◆ Task directions ◆
From the entries below, please output exactly the lines starting at the one containing "venice, italy, red-tile" and ending at the one containing "Screenshot of the", both included.

◆ Available records ◆
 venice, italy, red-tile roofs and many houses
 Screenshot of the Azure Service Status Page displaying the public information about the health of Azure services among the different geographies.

---

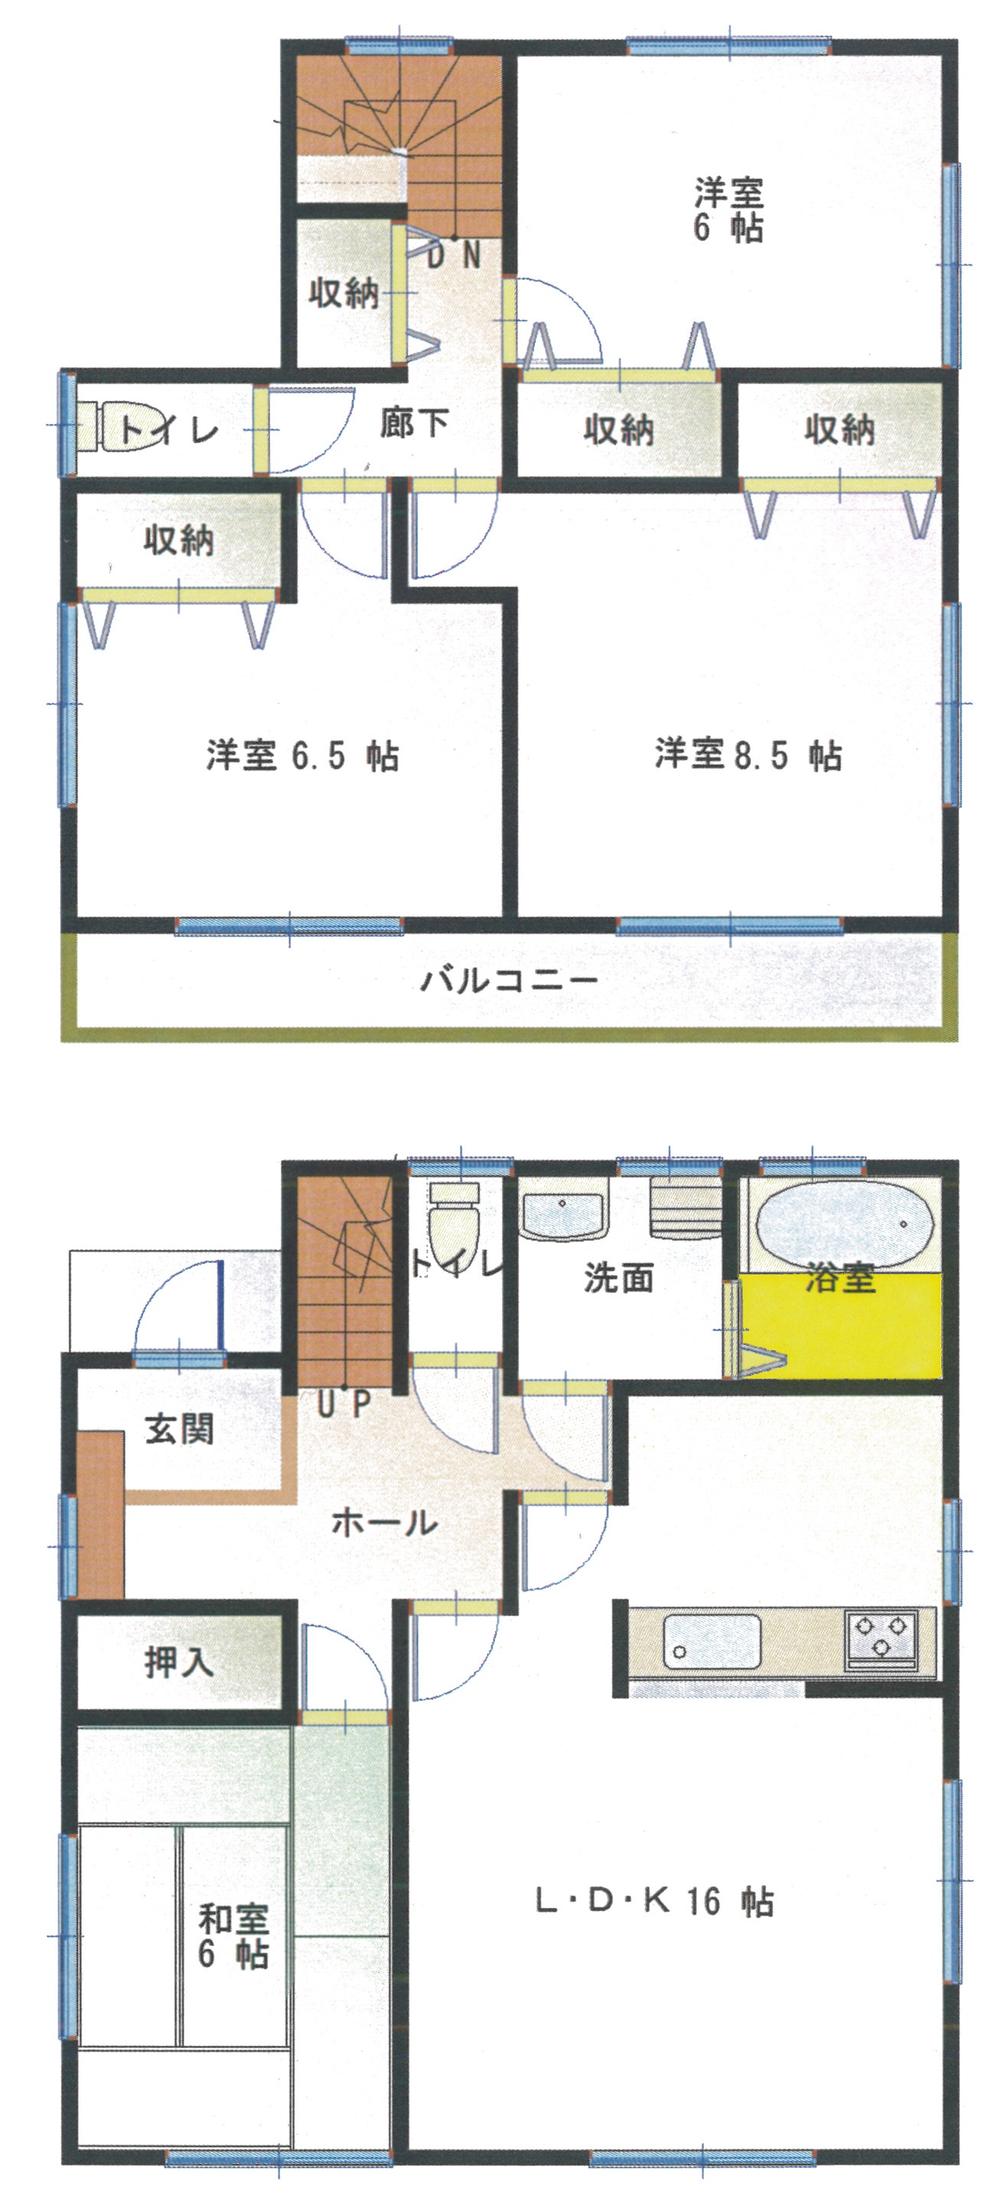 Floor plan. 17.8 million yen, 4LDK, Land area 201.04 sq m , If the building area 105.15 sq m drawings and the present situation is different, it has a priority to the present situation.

==

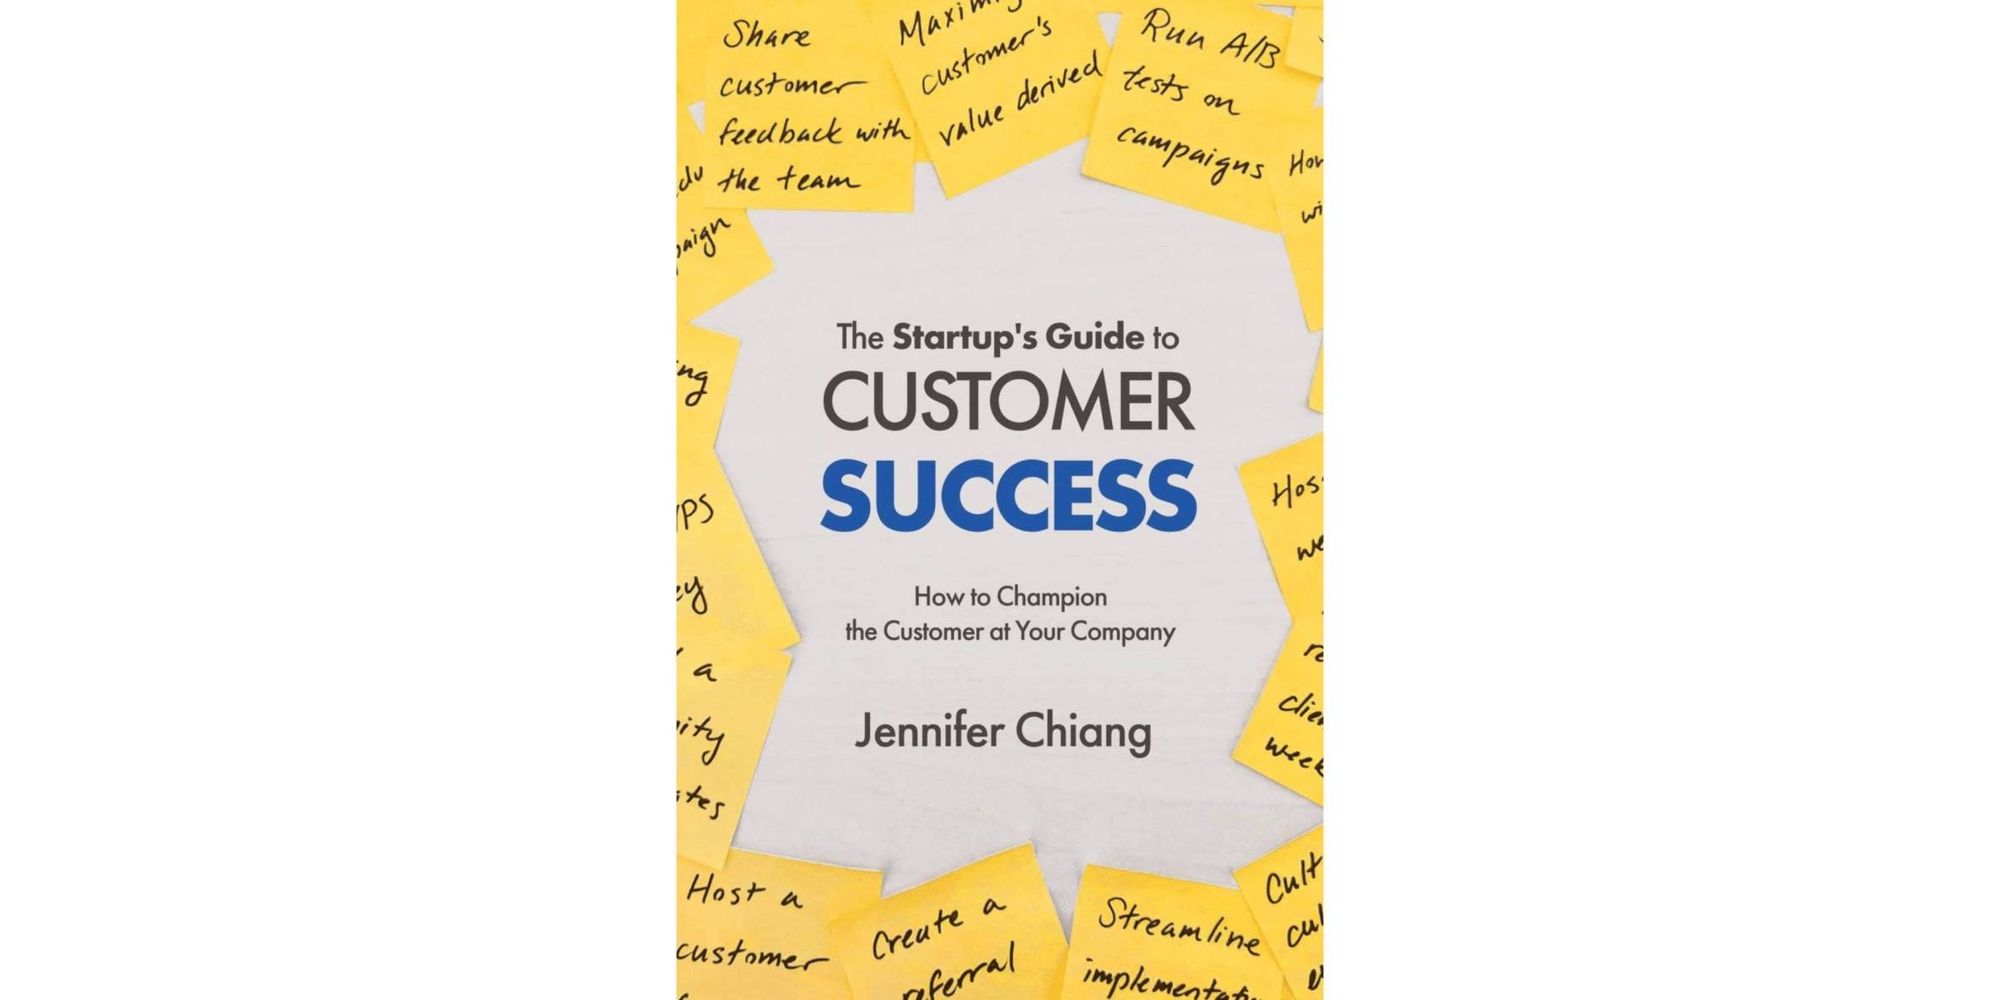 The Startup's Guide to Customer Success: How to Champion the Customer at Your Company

◆ Answer box ◆
 venice, italy, red-tile roofs and many houses
 Screenshot of the Azure Service Status Page displaying the public information about the health of Azure services among the different geographies.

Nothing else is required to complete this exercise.